BEGIN Collected material
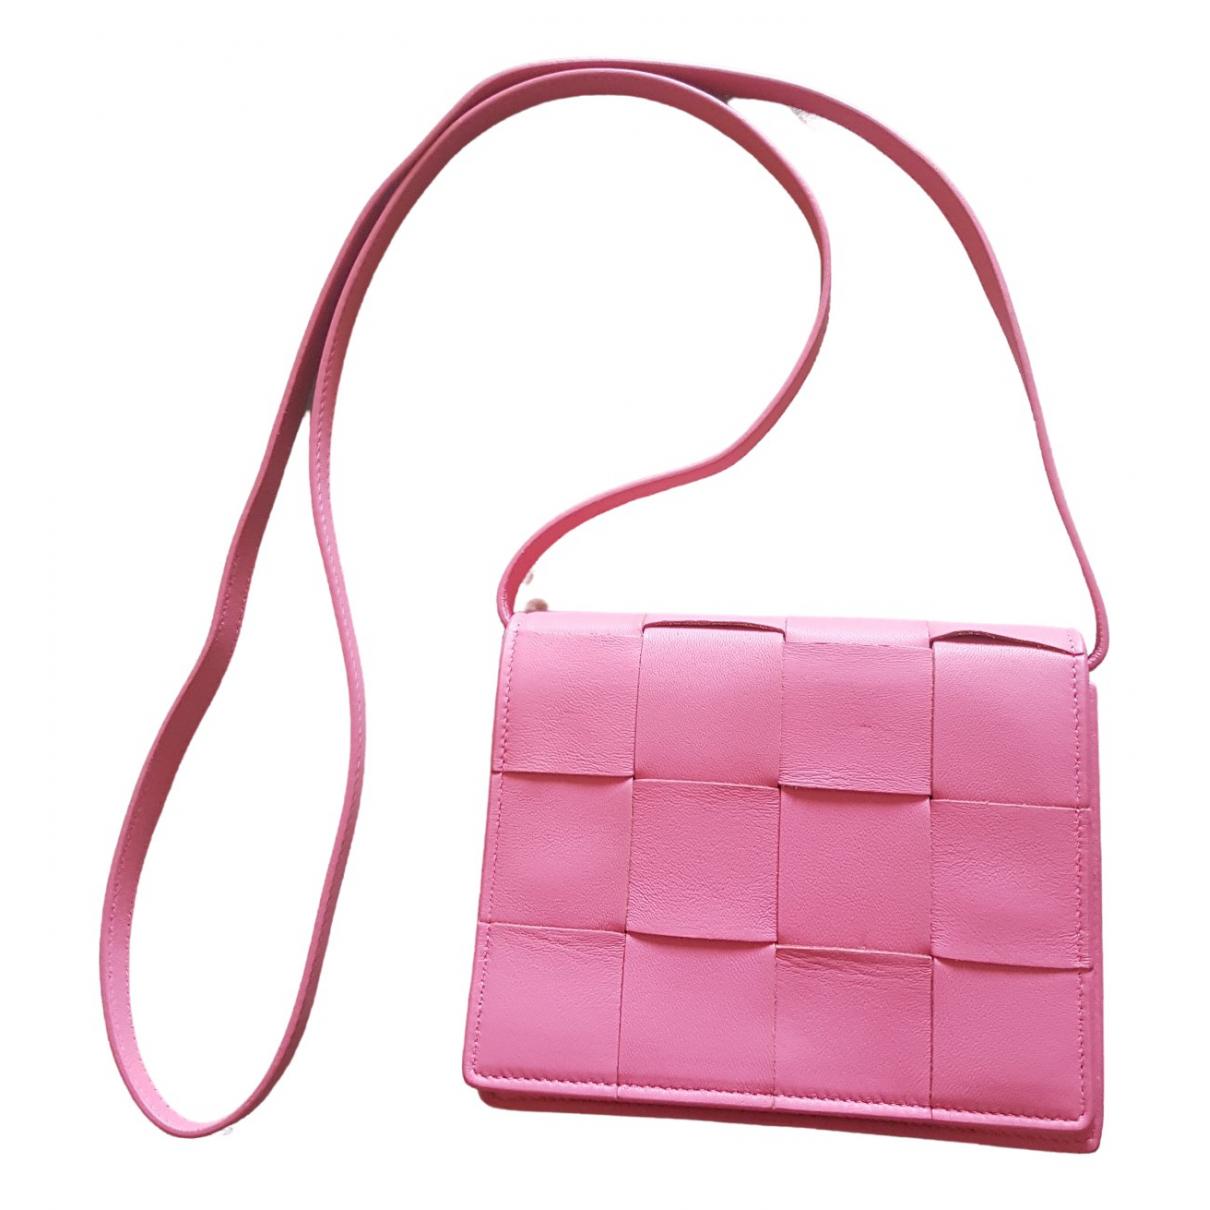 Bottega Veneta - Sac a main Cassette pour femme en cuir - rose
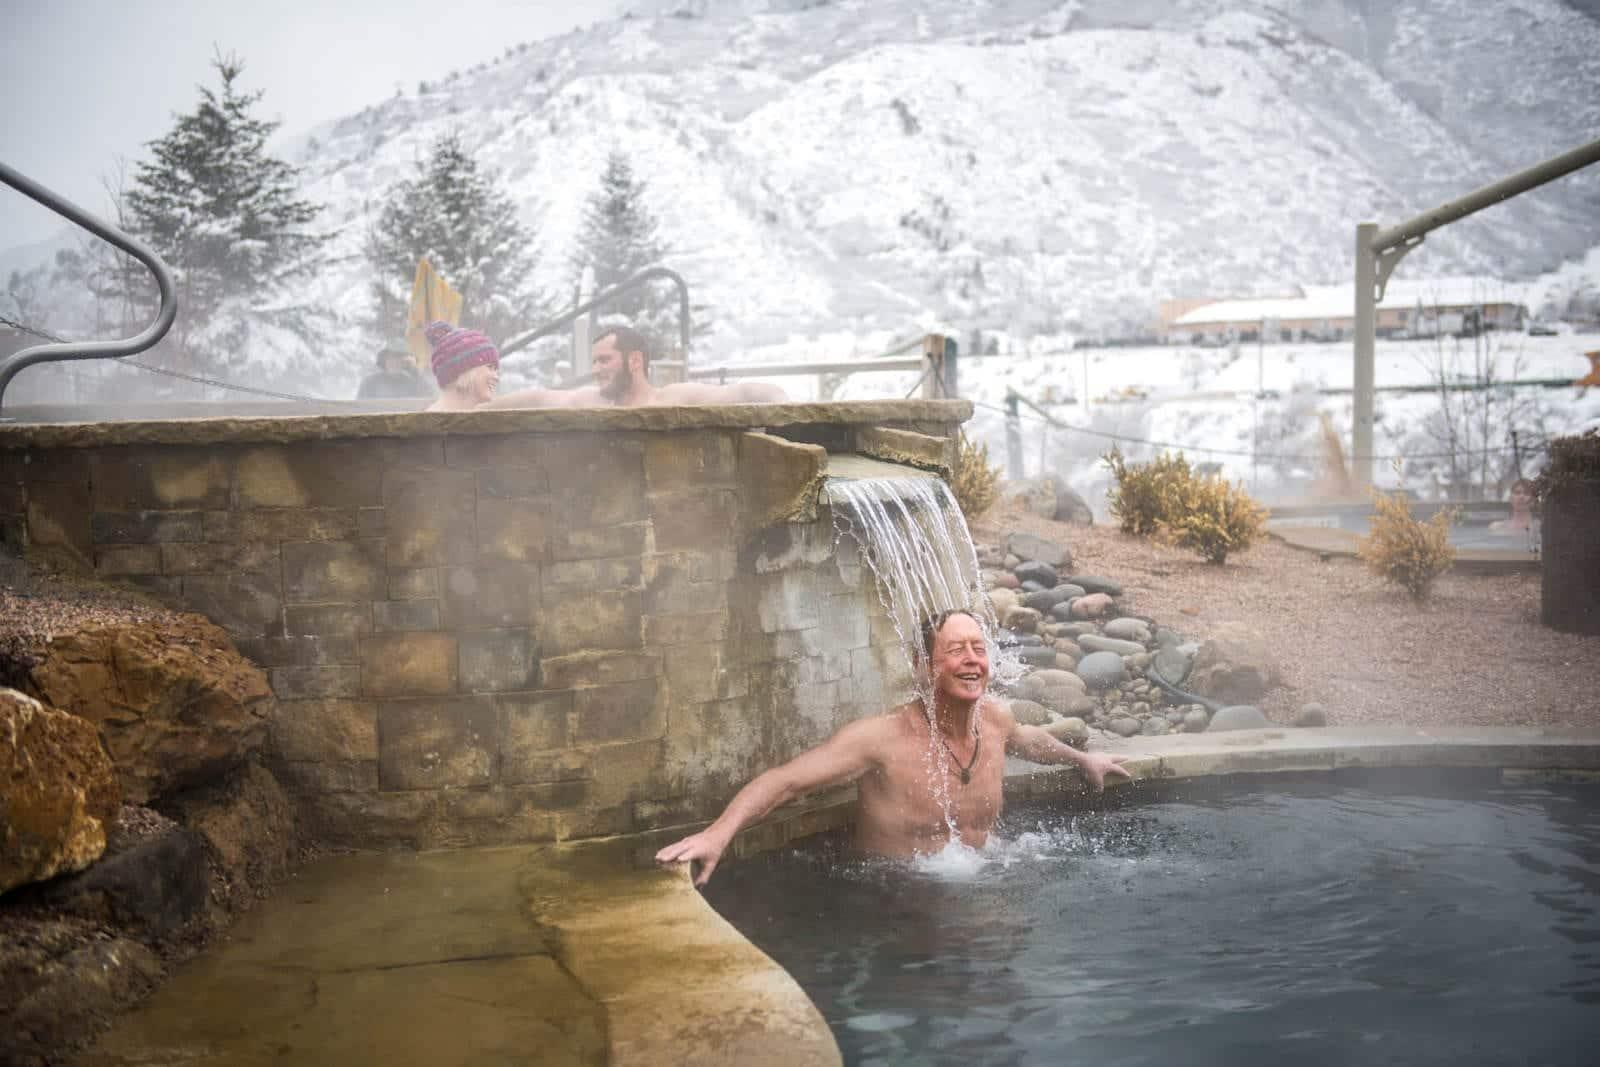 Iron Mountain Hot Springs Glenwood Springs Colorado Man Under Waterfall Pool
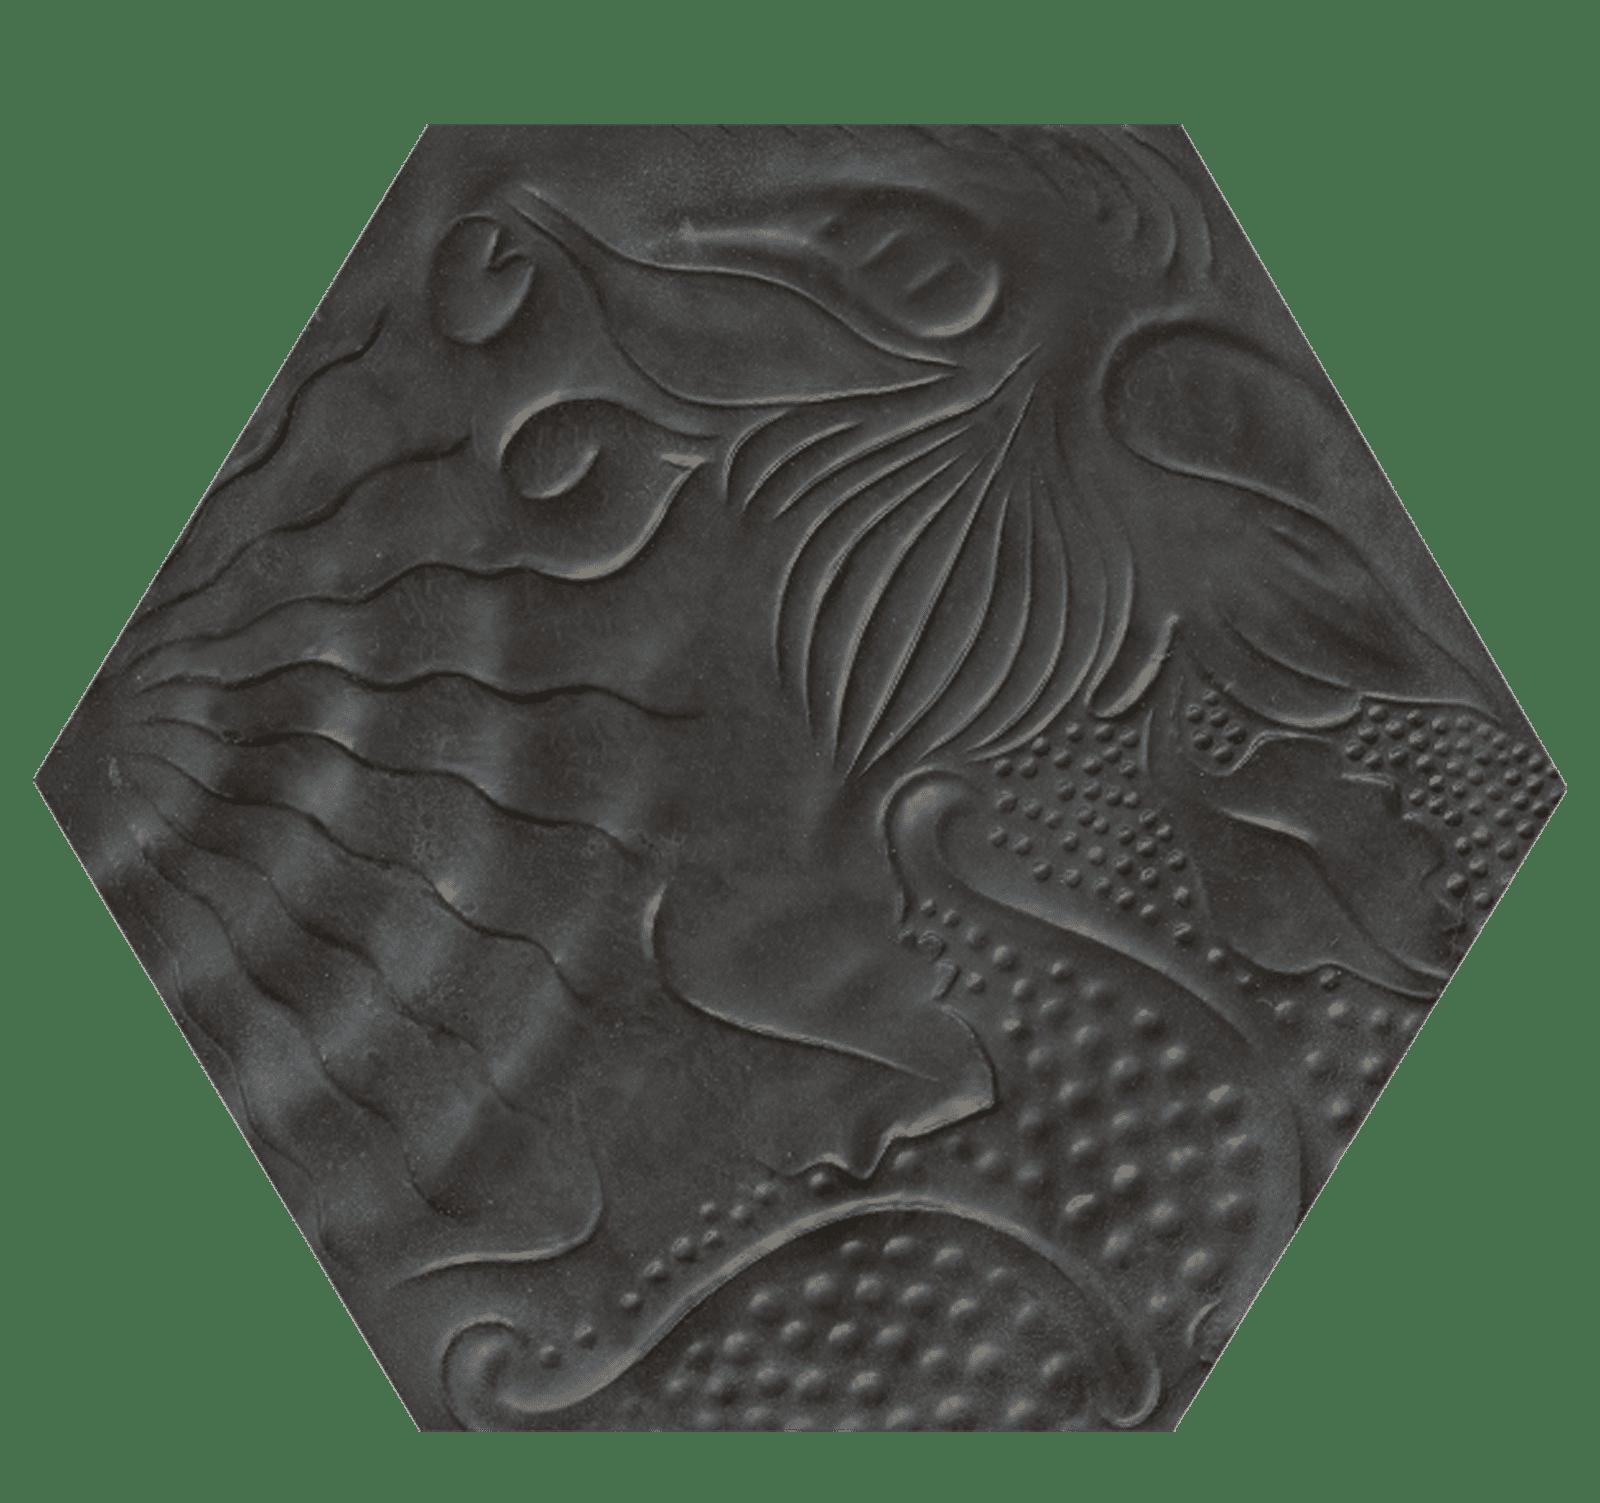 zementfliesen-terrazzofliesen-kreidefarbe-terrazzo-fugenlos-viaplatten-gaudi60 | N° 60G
END Collected material
Problem to work on:
With the pictures removed, return the data above word for word.

Answer below:
 Bottega Veneta - Sac a main Cassette pour femme en cuir - rose
 Iron Mountain Hot Springs Glenwood Springs Colorado Man Under Waterfall Pool
 zementfliesen-terrazzofliesen-kreidefarbe-terrazzo-fugenlos-viaplatten-gaudi60 | N° 60G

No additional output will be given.